The editor of NSMC is responsible for deciding which of the articles submitted to the journal should be published. The validation of the work in question and its importance to researchers and readers must always drive such decisions. The editors may be guided by the policies of the journal's editorial board and constrained by such legal requirements as shall then be in force regarding libel, copyright infringement and plagiarism. The editors may confer with other editors or reviewers in making this decision.

 

Peer-Review Process

This journal operates a double-blind review process. All incoming manuscripts will be initially assessed by the editor for suitability for the journal. Papers deemed suitable are then sent to a minimum of two independent expert reviewers to assess the scientific quality of the paper. The recommendations from the reviewers typically are one these: accept for publication, major revision needed, minor revision needed, and decline submission. While the first and the last options are quite self-explanatory, the others may require the authors to revise the initial manuscript accordingly to the suggestions made by the reviewers. All questions arose from the editor and reviewers during the review process need to be addressed and answered along with the submission of the revised manuscript. 

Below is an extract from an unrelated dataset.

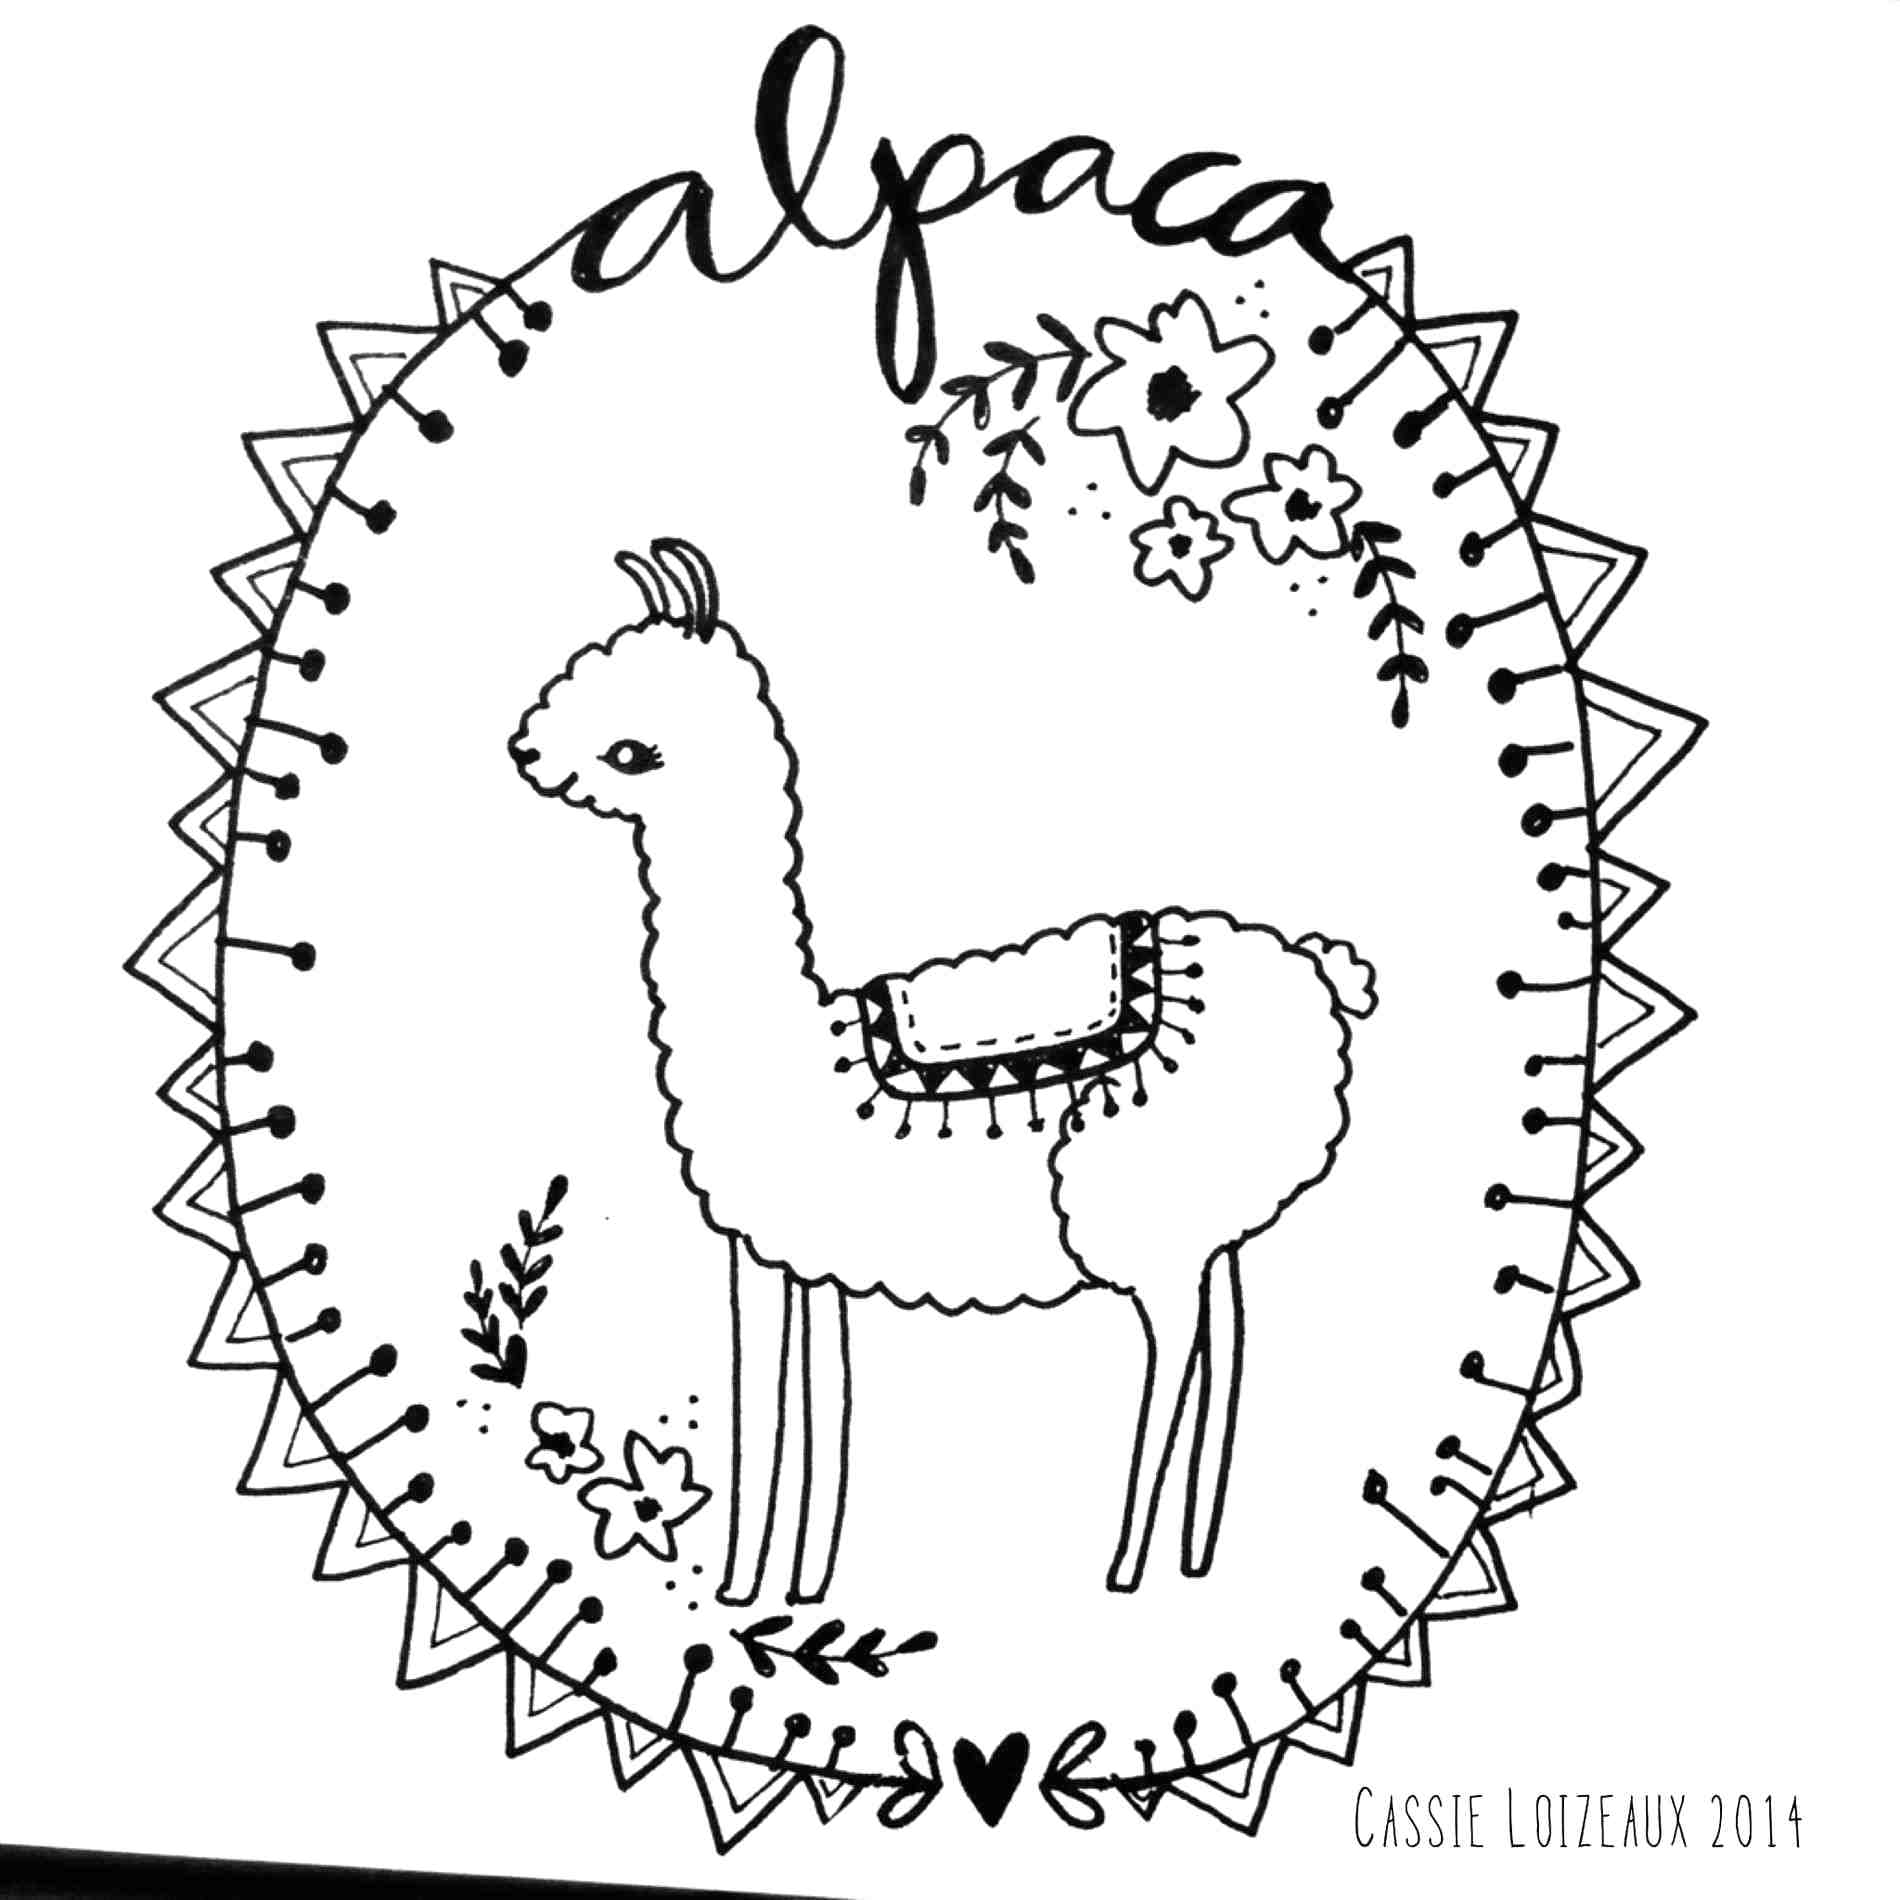 Coloring Pages : Amazing Alpaca Coloring Page Alpaca Coloring Page Cute  Puppy‚ Kawaii Alpaca Coloring Page Cute‚ Free Alpaca Coloring Pages For  Kids as well as Coloring Pagess

The Editor-in-Chief is then responsible for the final decision regarding acceptance or rejection of articles based on the revised manuscript. Editor-in-Chief's decision is final.

 

Post Publication Discussion and Corrections

When an author discovers a significant error or inaccuracy in his/her own published work, it is the author’s obligation to promptly notify the journal editor or publisher and cooperate with the editor to retract or correct the paper.

 

Policy on Human and Animal Rights

When reporting experiments on people, authors should indicate whether the procedures used in the study were in accordance with the ethical standards of the responsible committee on human experimentation (institutional and national). In most cases, authors must explicitly state that the research was approved by the national/local/institutional ethical committee.

If no formal ethics committee is available, the authors must state that the research was in accordance with the Helsinki Declaration (2013). The editors of NSMC reserve the rights to ask more information to the author(s) should any doubt exists whether the research was conducted in accordance with the Helsinki Declaration. In such cases, the authors must be able to explain the rationale for their approach and demonstrate that no human or patient rights were violated.

Patient consent must be collected in written form and archived by the authors. NSMC is aware that patient identity is confidential. Therefore, the authors should archive the written consent and instead of providing NSMC with a written statement that attests that the author(s) have collected and archived the consent.

When reporting experiments on animals, author(s) should indicate whether institutional and national standards for the care and use of laboratory animals were followed. Further guidance and issue on animal research ethics should follow the Author Guidelines on Animal Ethics and Welfare available from the International Association of Veterinary Editors’ Consensus.